Two fixed points S(a,b) and T(c,d) are 4 units apart and are on the same side of a moving line L. If perpendicular is distance of S and T from line L are p1, p2 respectively, then p1 and p2 satisfy
p1+3p2=k where K is a constant number. It is given that the line L always touches a fixed circle C.
Find the.centre and radius of the circle C in terms of k and coordinates of S AND T.
An attempt at a solution I took a general line y=mx+c and tried to solve manually for p1+3p2=k . However I got mingled up with the variables and the locus did not seem like a circle.
I was looking for a hint or an alternate solution to the problem.
You’re given that there’s a common tangent circle for all possible lines $L$ that meet the criteria in the problem, which greatly simplifies your task: all you really have to do is find this circle’s center and radius.
Observe first that, by symmetry, the center of $C$ must be colinear with $S$ and $T$: for any line $L$ that meets the criteria, its reflection in the line through $S$ and $T$ does, too. I’ll assume that $k$ is meant to be some arbitrary positive constant.
Place $T$ at the origin and let $S=(0,4)$. I’ll use $r_S$ and $r_T$ for the respective distances to $L$ to make it easier to keep track of which is which. The line $L$ is a common tangent to the circles with centers $S$ and $T$ and radii $r_S$ and $r_T$, respectively. For $S$ and $T$ to be on the same side of $L$, it must be one of the common outer tangents of these two circles.

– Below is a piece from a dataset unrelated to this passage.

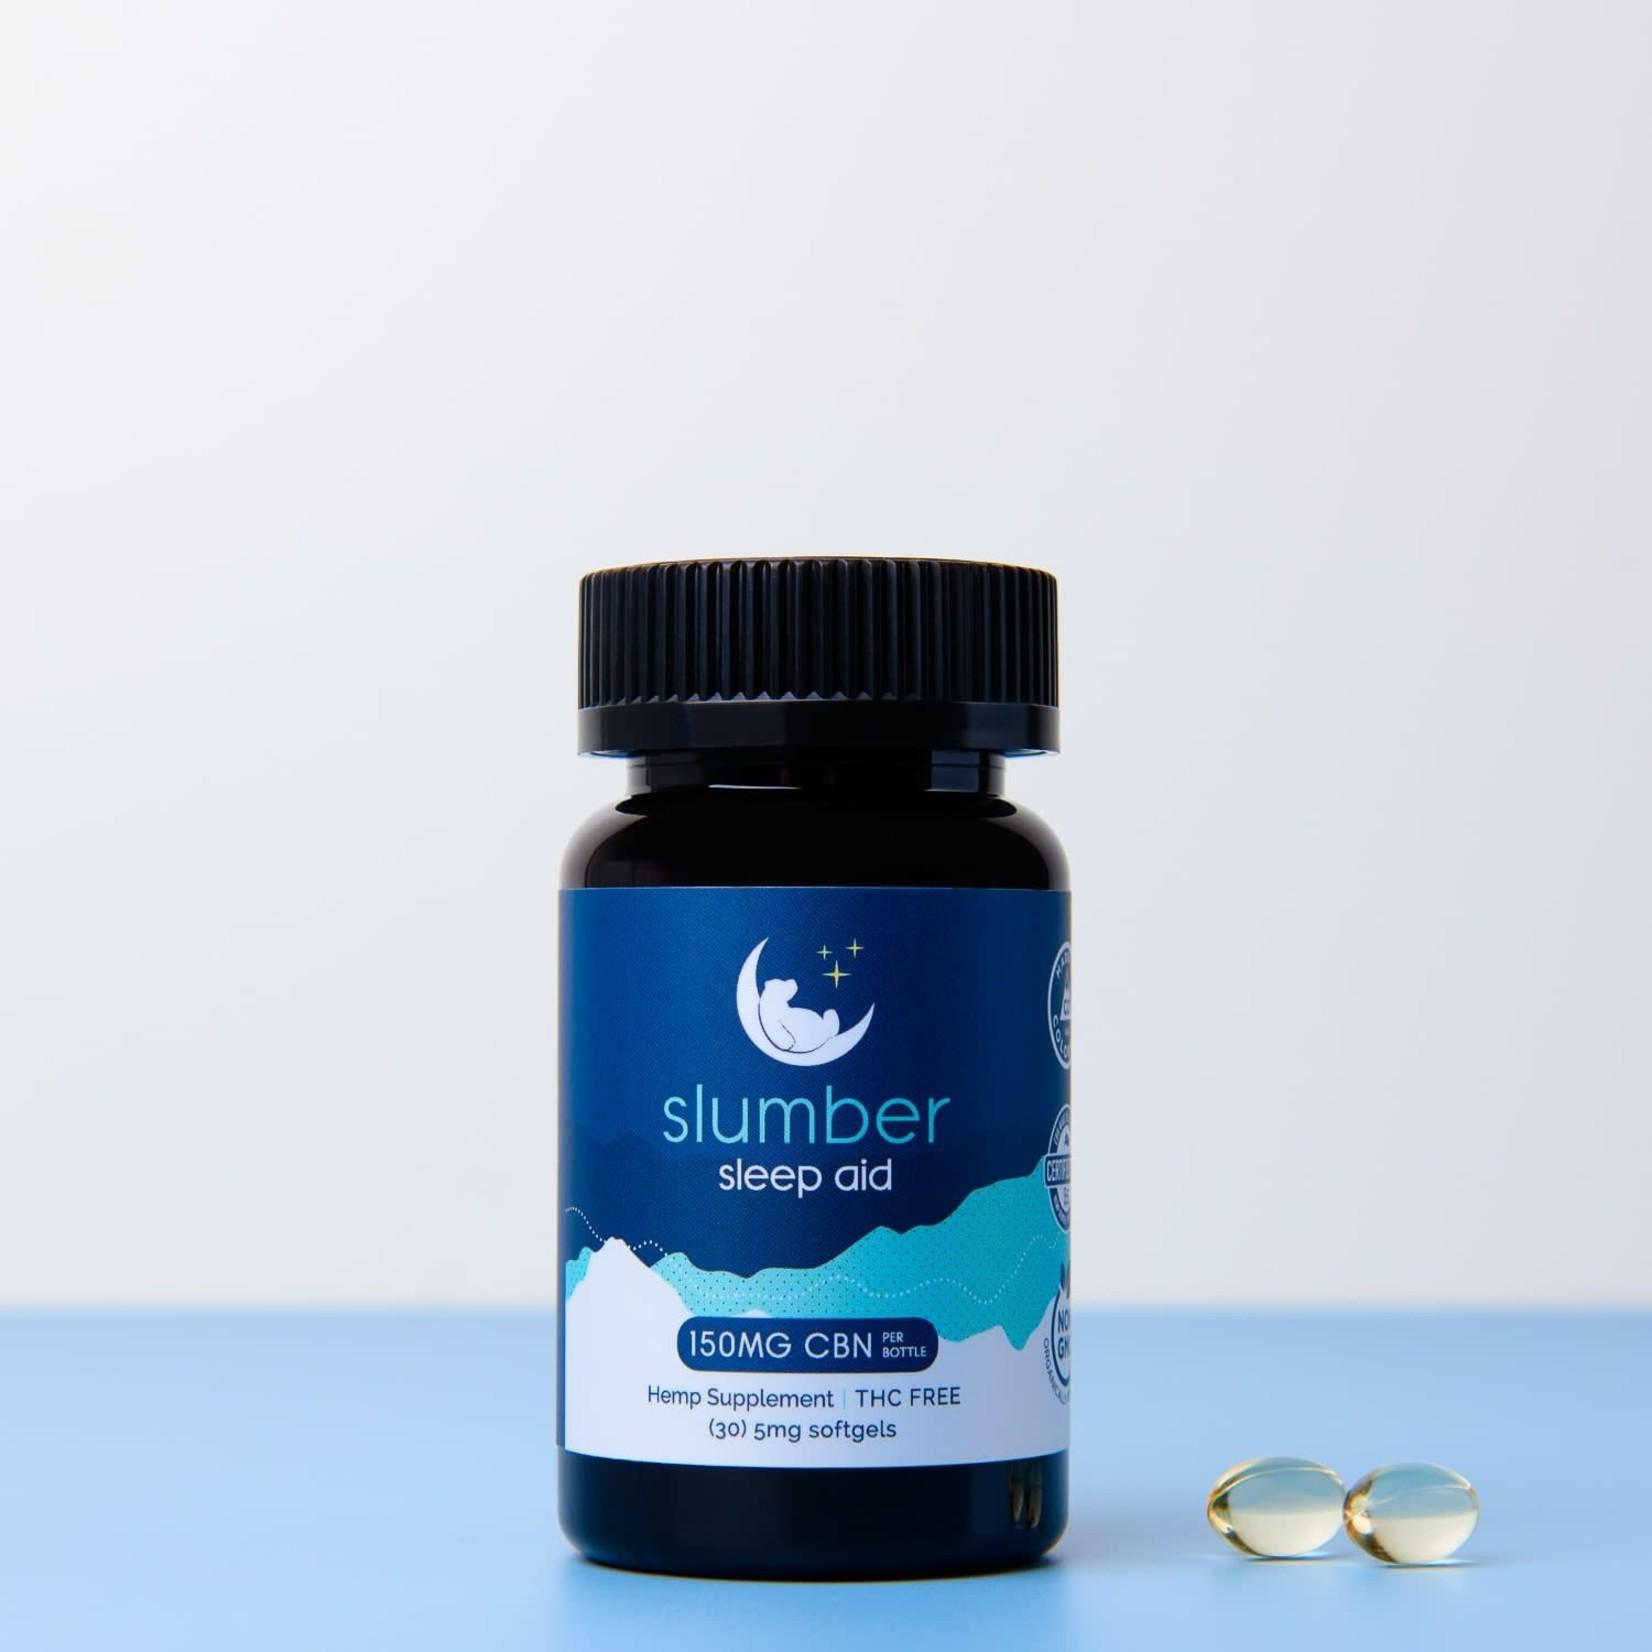 SlumberCBN Slumber Sleep Aid 150mg CBN 30ct

Consider first the case $r_S=r_T$. In this case, $L$ is one of the two vertical lines $x=\pm\frac k4$, therefore $C$’s radius is equal to $\frac k4$. Now let $r_S\ne r_T$. Using similar triangles, we have for $L$’s $y$-intercept $b$ $${b \over r_T} = {b-4 \over r_S} \tag 1$$ so $$b = {4 r_T \over r_T-r_S} = {4 r_T \over 4 r_T - k}.$$ $C$ is also tangent to $L$. Applying similar triangles again using its center $(0,c)$ we have $${c-b \over k/4} = {-b \over r_T}, \tag 2$$ therefore $$c = {4r_T-k \over 4r_T}b=1.$$ There is a second tangent circle to $L$ with radius $\frac k4$ centered on the $y$-axis, but for that circle $c=-{k+4r_T\over k-4r_T}$ (you can compute this by squaring both sides of eqn. (2)), which we can reject because it depends on $r_T$, so isn’t common to all possible $L$.

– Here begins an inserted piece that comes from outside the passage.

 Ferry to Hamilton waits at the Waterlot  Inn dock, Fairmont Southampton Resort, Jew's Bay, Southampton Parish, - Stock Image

Finally, the general solution is obtained from this special case via a rigid motion of the plane. This doesn’t affect a circle’s radius, therefore $C$’s center is one-fourth of the way from $T$ to $S$, i.e., at $\frac14 S+\frac34T$ and its radius is equal to $\frac k4$. I expect that the way this solution reflects the ratios of $r_S$ and $r_T$ to $k$ is not coincidental and that there’s some more clever way to obtain this result using those ratios. Indeed, if you generalize this problem by letting $S$ and $T$ be any points any distance apart and require that $k=r_S+\frac{1-\lambda}\lambda r_T$ for some fixed $\lambda\in(0,1)$, the common tangent circle will have center $\lambda S+(1-\lambda)T$ and radius $\lambda k$.